I will update you guys tomorrow on anything I forgot to include. Thanks.


November 10:

Rotator Cuff:

Medial Internal Rotation 20xLeft 20xRight
Medial External Rotation 20xLeft 20xRight
Ventral Internal Rotation 20xLeft 20xRight
Ventral External Rotation 20xLeft 20xRight
Lateral Internal Rotation 20xLeft 20xRight
Lateral External Rotation 20xLeft 20xRight

Everything but the last exercise because I can’t figure out how to do it

Lower Body:

Band Squat -

10x50, 10x60, 10x70

This is all I am going to do tonight because I started a lot later than I wanted to and I have school tomorrow morning.


Today we started practicing for basketball season. I take baseball much more seriously than I do basketball but it is a great opportunity for a load of conditioning. We did a ton of work today and I can barely feel my legs so I am only going to focus on everything above the legs tonight.

My brother let me download P90x on my computer so now I have all of the workouts. Tonight I did the ab workout which is basically 15 minutes of pain.

And I also did my rotator cuff exercises that I did yesterday also.


Yes, you need a changeup. Every pitcher worth his salt (and pepper) has to have one. As for developing one, you have a whole closetful of changeups to choose from. The secret for any one of them is the more relaxed grip and holding the ball more loosely; you still have to throw it with the same arm motion and the same arm speed as you do your fastball. My wise and wonderful pitching coach, an active major league pitcher, told me that just about any pitch can be turned into a nice change, and he demonstrated a few for me and showed me how to throw them. May I suggest the “Bugs
Bunny” changeup?—a very nice palmball which is easy to throw and puts no strain on the arm, and this would be a good one to start with. 8)

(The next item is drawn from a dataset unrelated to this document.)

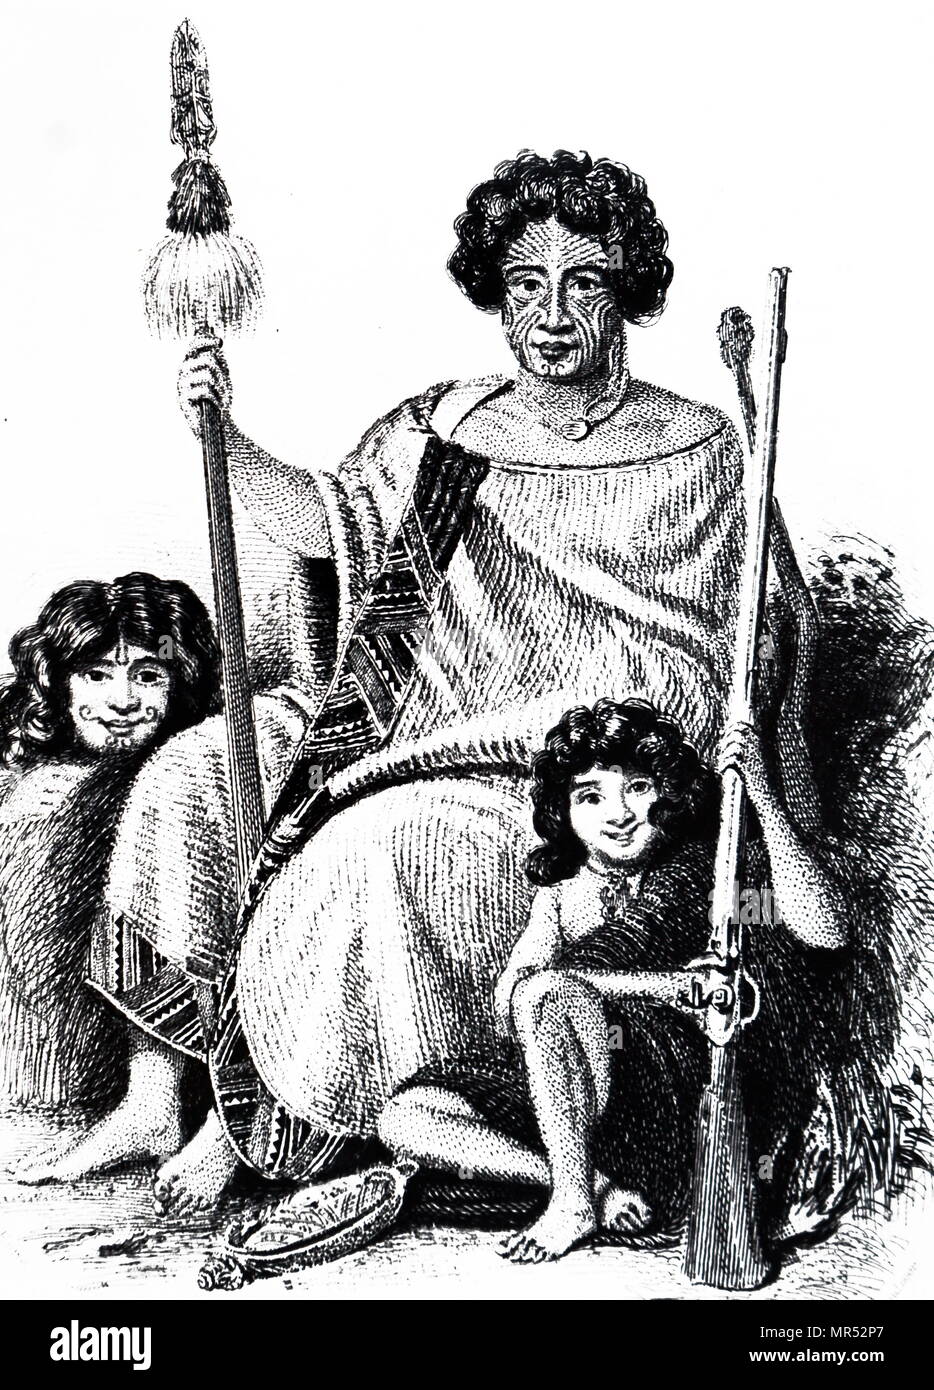 Kupferstich mit der Darstellung eines Maori Häuptling. Vom 19. Jahrhundert Stockfoto

Thanks Zita for the comment. I will definitely try to play around with some possible changeup grips in my next couple of bullpens. As you will see farther down, I experimented with the circle change but it didn’t seem to work too well. This video is mostly to show you guys how I look mechanically. I will have later ones to show you my specific pitches.

I know that when my stride hits the ground, I always have the heel hit first which I know is bad but I don’t know how to fix it. If you guys have any drills or recommendations for the problem that would be greatly appreciated. Also the pitching coach tells me that I often rush to the plate too early and don’t establish a solid balance point.

I have always been able to throw strikes but my speed hasn’t been exceptional so if anything that I am doing prohibits me from getting some extra mph on the ball, could you guys point it out to me.

This is the video from tonight’s bullpen. My fastball looks really slow from this angle which kind of concerns me but at the time I didn’t think it was that bad.

If you have any questions about my mechanics I would be happy to answer them.

Tonight I worked out again.

Rotator Cuff workout
Band Squats: 90x10, 100x10, 110x10
Band Bicep Curls: 50x15, 50x15, 50x15
Pushups: 20, 20, 10
P90X Ab Workout

I found a video of it that someone put online if you guys are curious as to what it is.

I am also going to start doing 50 pushups when I wake up starting tomorrow.

I also had a strength workout with my club team on Saturday morning. I threw around 25 pitches which were all fastballs. Our pitching coach also told me to fix my balance position so I am not falling early as I have been doing. I will have a video of my new motion this Friday.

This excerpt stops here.